WHAT TO DO: Word for word, copy the entire listing below, but do not carry over any pictures.

COLLECTED DATA:
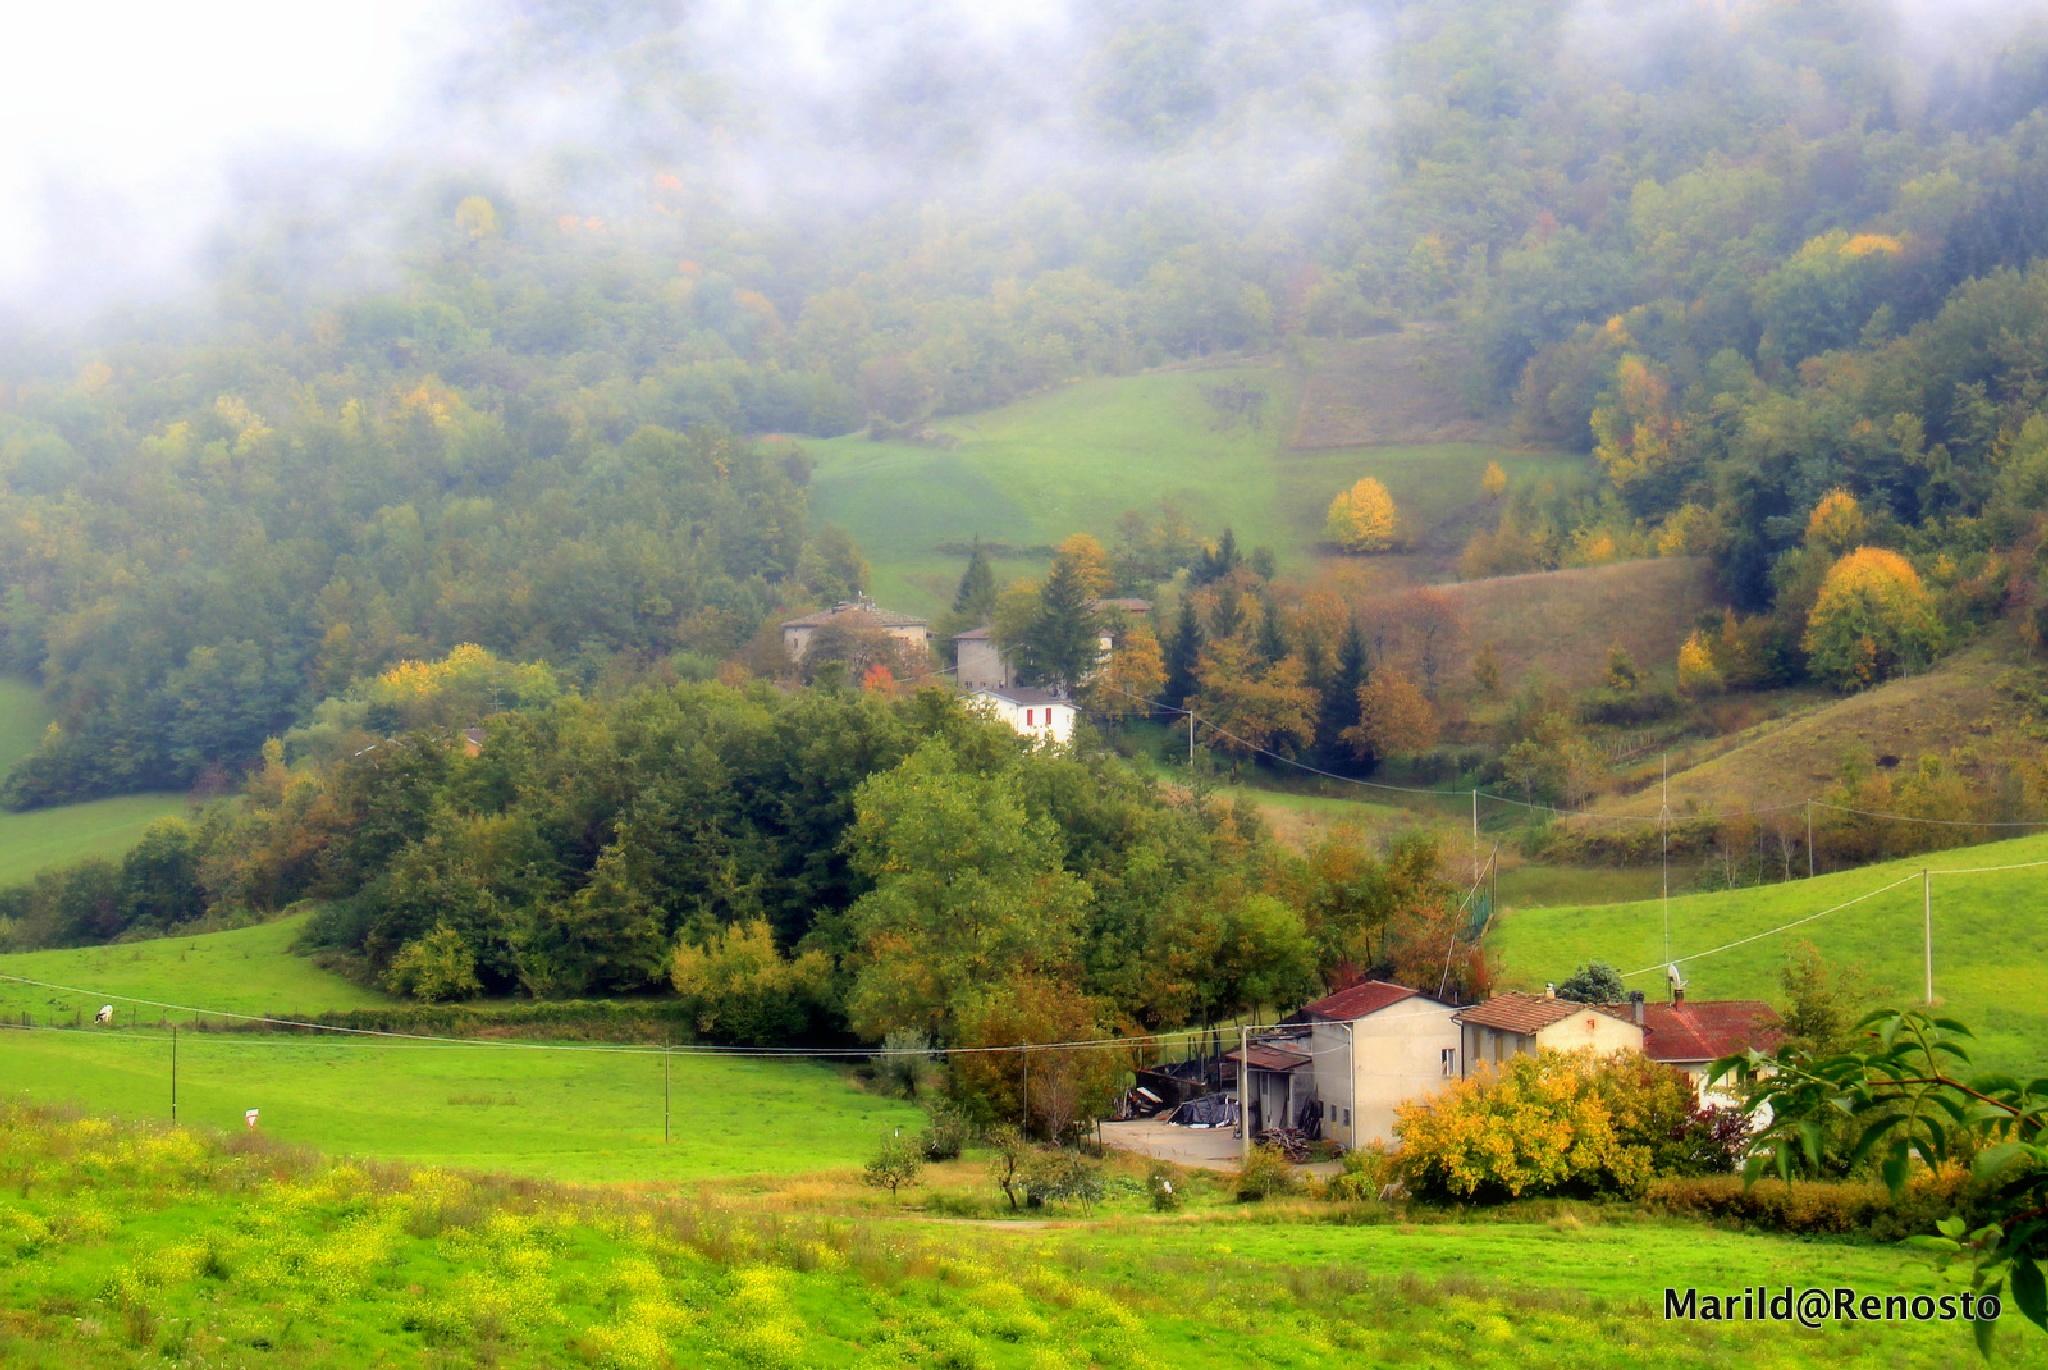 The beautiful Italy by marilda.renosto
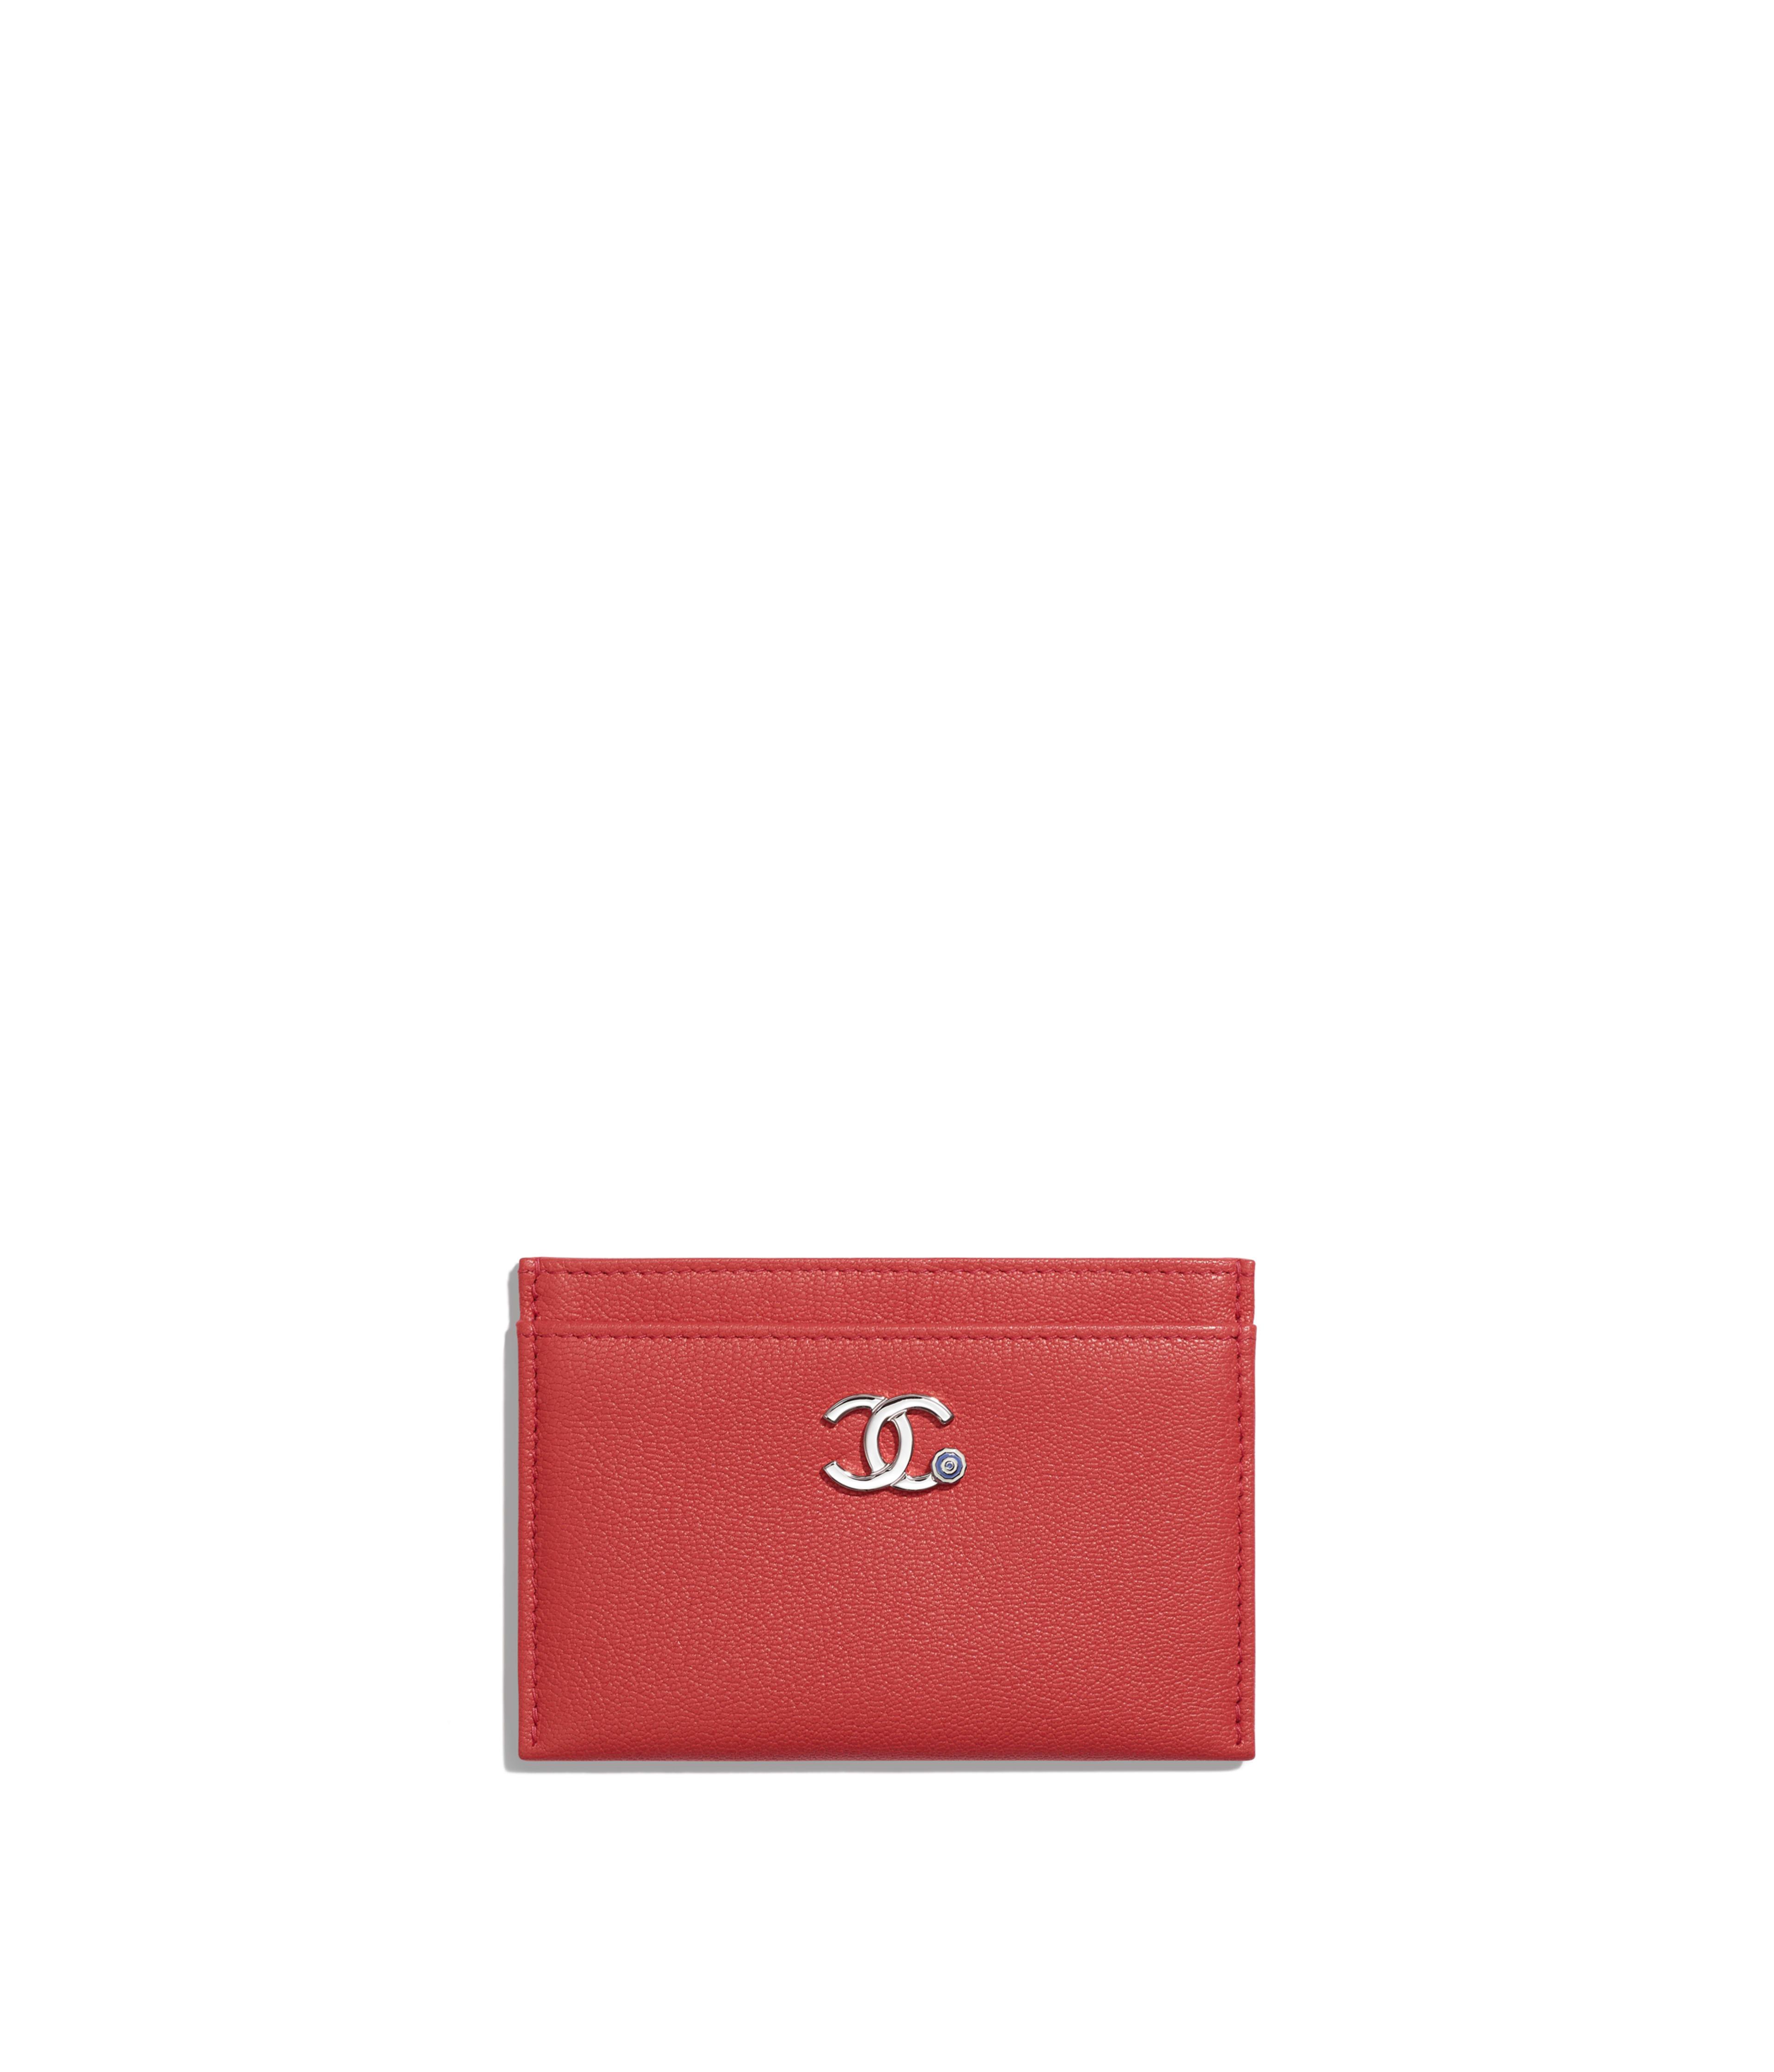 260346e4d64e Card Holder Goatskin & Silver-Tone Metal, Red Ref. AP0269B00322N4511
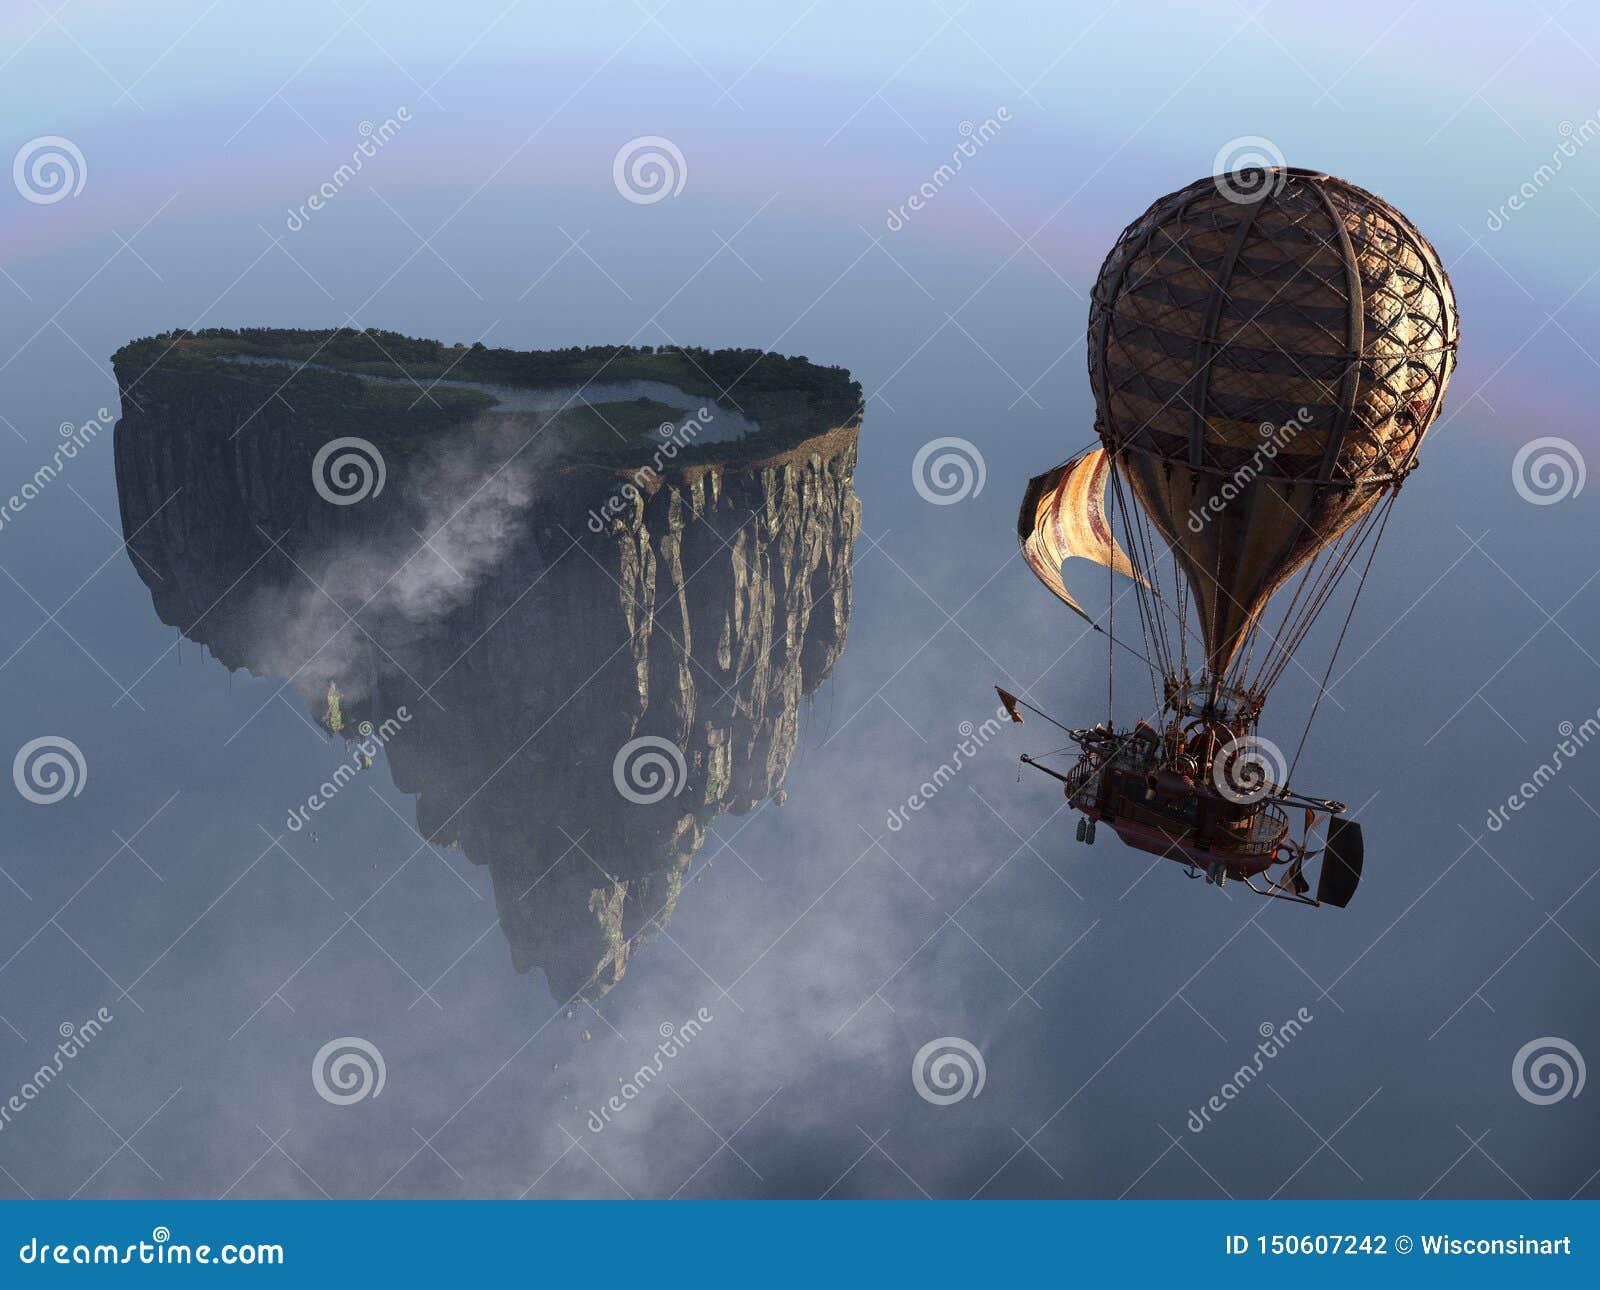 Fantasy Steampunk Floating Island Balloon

TASK RESULT:
 The beautiful Italy by marilda.renosto
 260346e4d64e Card Holder Goatskin & Silver-Tone Metal, Red Ref. AP0269B00322N4511
 Fantasy Steampunk Floating Island Balloon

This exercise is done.